Jun 25, 2013

Manipulation of public perception of IPS and Turn Around schools

It is no secret that I am a critic of IPS and very skeptical about school takeovers, so this article by the IndyStar really caught my attention. I had no intention of commenting on it since I do not really know any details about the issues concerning this specific school until I read another story on State Impact: Indiana.
I've put in bold what I want you to pay close attention to.

What Arlington got right: Why can’t IPS do this?

June 24th, 2013 | by Scott Elliott
My story today wrapped up the year I spent hanging around Arlington High School as it transitioned from an IPS-run school to a school in state takeover run by a charter school organization, EdPower. The story puts a big emphasis on EdPower’s organization and planning. That was the key in avoiding some of the problems that occurred at Arlington in the past, and which are known to plague other IPS schools, such as scheduling and security issues.
There was a big question on my mind as I contrasted what I saw at Arlington on the first day of school under EdPower to what I saw the first day a year before — why can’t IPS do what EdPower did? Why can’t IPS anticipate problems in the same way and have solutions ready when they occur?
The answer is there’s no reason why it can’t.
All it takes is advanced planning and a problem-solving approach. At least at Arlington, that was missing under IPS. Everything that went wrong that first day in 2011— schedule mishaps, rowdy kids and other potential distractions from learning — was anticipated by EdPower, which had a plan to react when it did.
These problems are universal at schools but most manage to get a handle on them. For whatever reason, IPS sometimes — not always — struggles with the basics in this area. It strikes me as primarily a management problem and one that can be fixed.

Now take a look at a few snippets from this article:

Without Federal Grant Money, Turnaround Operator Could Pull Out Of Arlington

JUNE 24, 2013 | 12:35 PM
The CEO of the Indianapolis-based company now running Arlington High School says without federal money earmarked for school improvement, EdPower might not be able to continue its work at the state takeover school.
EdPower took over a struggling Arlington High School last summer from Indianapolis Public Schools. But many of the students who attended Arlington in 2011-12 opted to remain in the district, partially because of an aggressive IPS attendance campaign.
The school opened in August with around 500 students, down from a peak of 1,200 the year before. Enrollment had dropped to 421 by the end of the school year.
Still, Robinson says EdPower is on track to turn the school around by 2016, the deadline set two years ago ago when the state intervened for low test scores. But Robinson told the board without adequate funding, his group won’t be able to get the job done.
The three companies started last school year flush with cash, but flagging enrollment has already lowered the amount of money EdPower and other turnaround operators have to run the state takeover schools. Then a judge ruled the turnaround operators couldn't be paid for students who attended the schools in 2011-12 and have since left for other schools in Indianapolis and Gary.
That’s why EdPower needs federal SIG money to run Arlington. Robinson says the school employs mostly young, inexperienced teachers who will need professional development to successfully change the school’s culture.
Tony Walker, who represents Gary on the State Board, urged fellow board members not to think of funding as money flowing to EdPower or the other companies running the state takeover schools, but as providing the resources the schools need to succeed.
The State Board voted unanimously Monday to keep funding for the five turnaround schools from falling below the 2012-13 level, but it’s unclear where additional money might come from if not increasing enrollment. In Indiana, funding follows the student, meaning tuition support from the state is calculated after a count each September.

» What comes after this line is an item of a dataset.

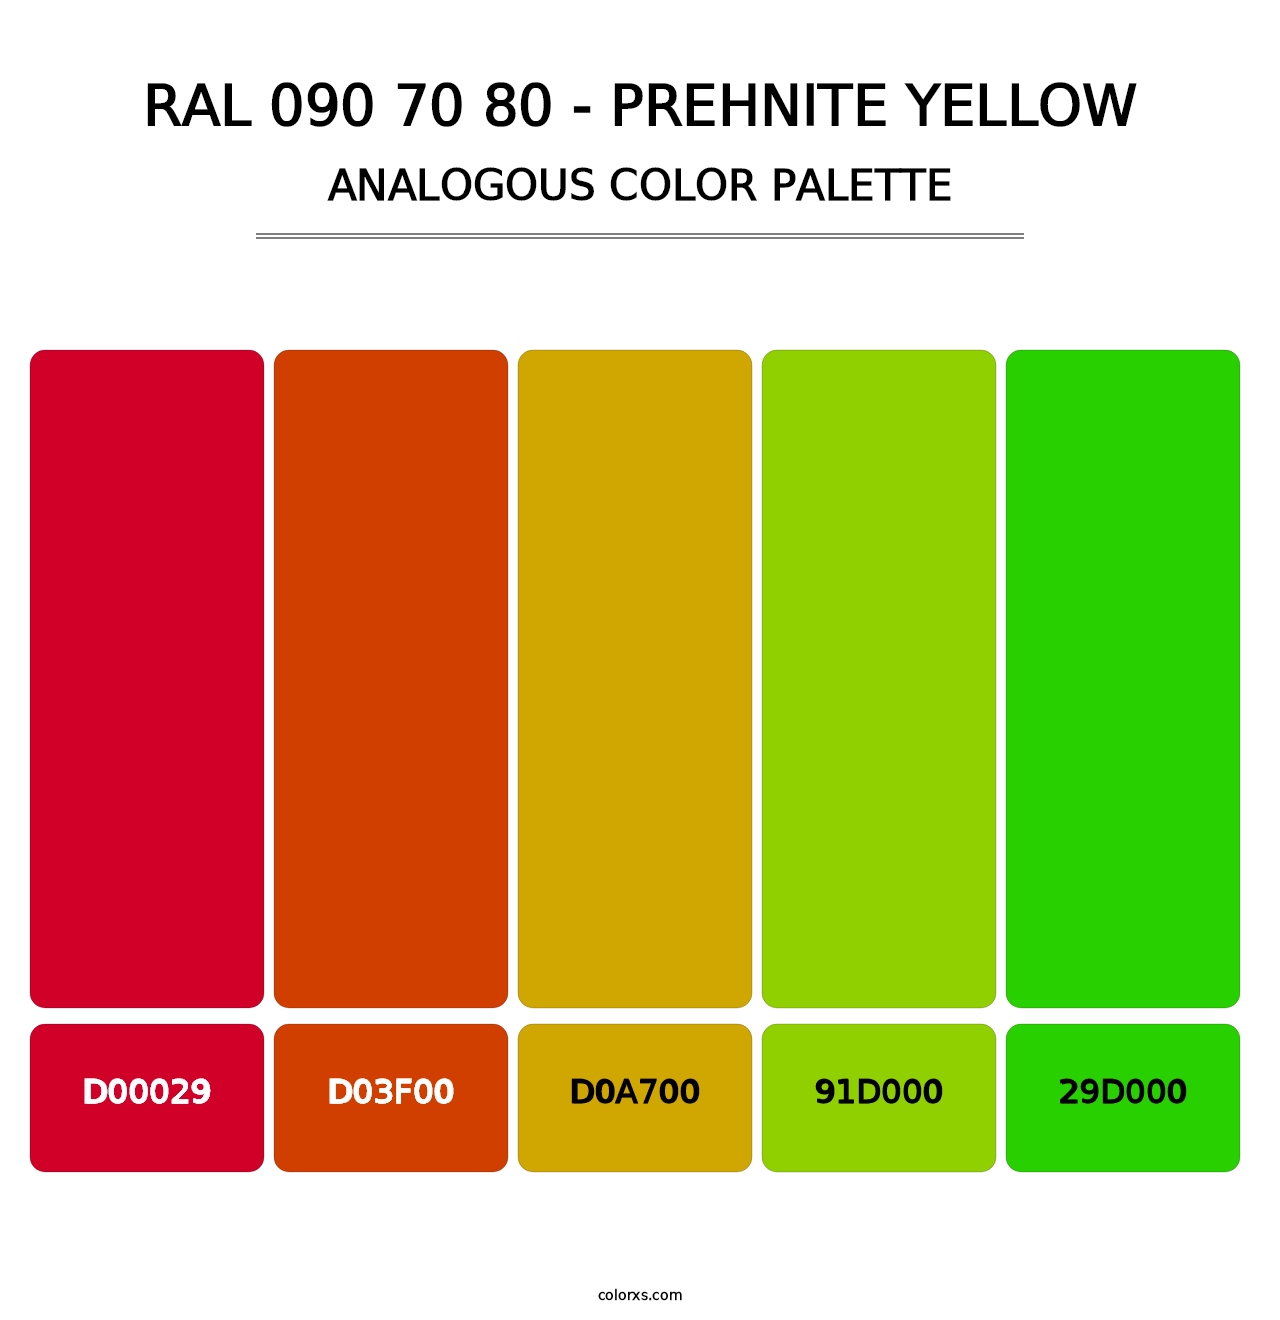 RAL 090 70 80 - Prehnite Yellow - Analogous Color Palette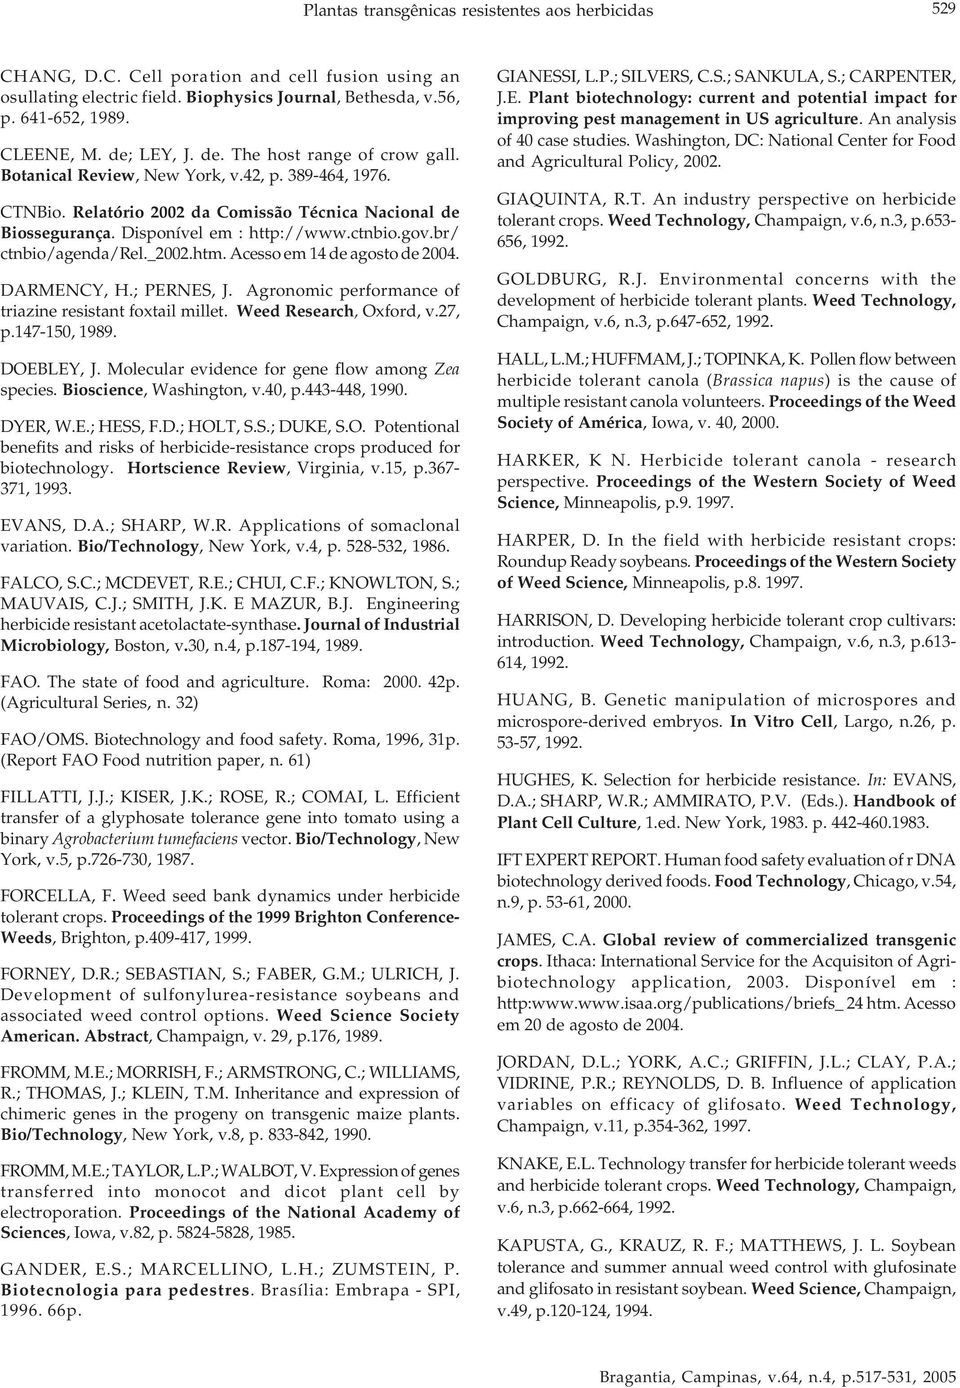 ctnbio.gov.br/ ctnbio/agenda/rel._2002.htm. Acesso em 14 de agosto de 2004. DARMENCY, H.; PERNES, J. Agronomic performance of triazine resistant foxtail millet. Weed Research, Oxford, v.27, p.

There are a few serious issues here that can be easily overlooked by most readers.
  1. Scott Elliot, and the State Board, would have you believe that IPS and EdPower are on the same playing field.  The reality is that EdPower had 700 less students than did IPS when running Arlington.  
    1. This is not an uncommon occurrence in the take over of a school. The number of students drop dramatically for a variety of reasons and then the policy makers and press exclaim success all the while pointing a disapproving finger at IPS. 
    2. The fact that there is no mention of what happened to the other 79 students makes me wonder how it relates to the school's perceived success.  That is almost 16% of the original student body.
  2. EdPower has been promised the same money for next year despite whatever the enrollment might be. All the while, IPS will continue with the state's funding method based off student numbers in September. 
    1. Do not all schools need to nurture their new teachers with adequate professional development? Isn't EdPower being given equivalent tools as other schools to build and develop an effective faculty? Then why do they need more, while they work with fewer students? 
  3. One of the biggest issues urban students face is the lack of consistency. 
    1. If EdPower leaves, then those children will be faced with change once again. When you are an adolescent living in poverty, lacking even the most basic of needs, the demoralizing caused by such changes will only exacerbate the negative culture that exists in our urban youth. 
When I read things like this it really makes me question who really puts the needs of all students first.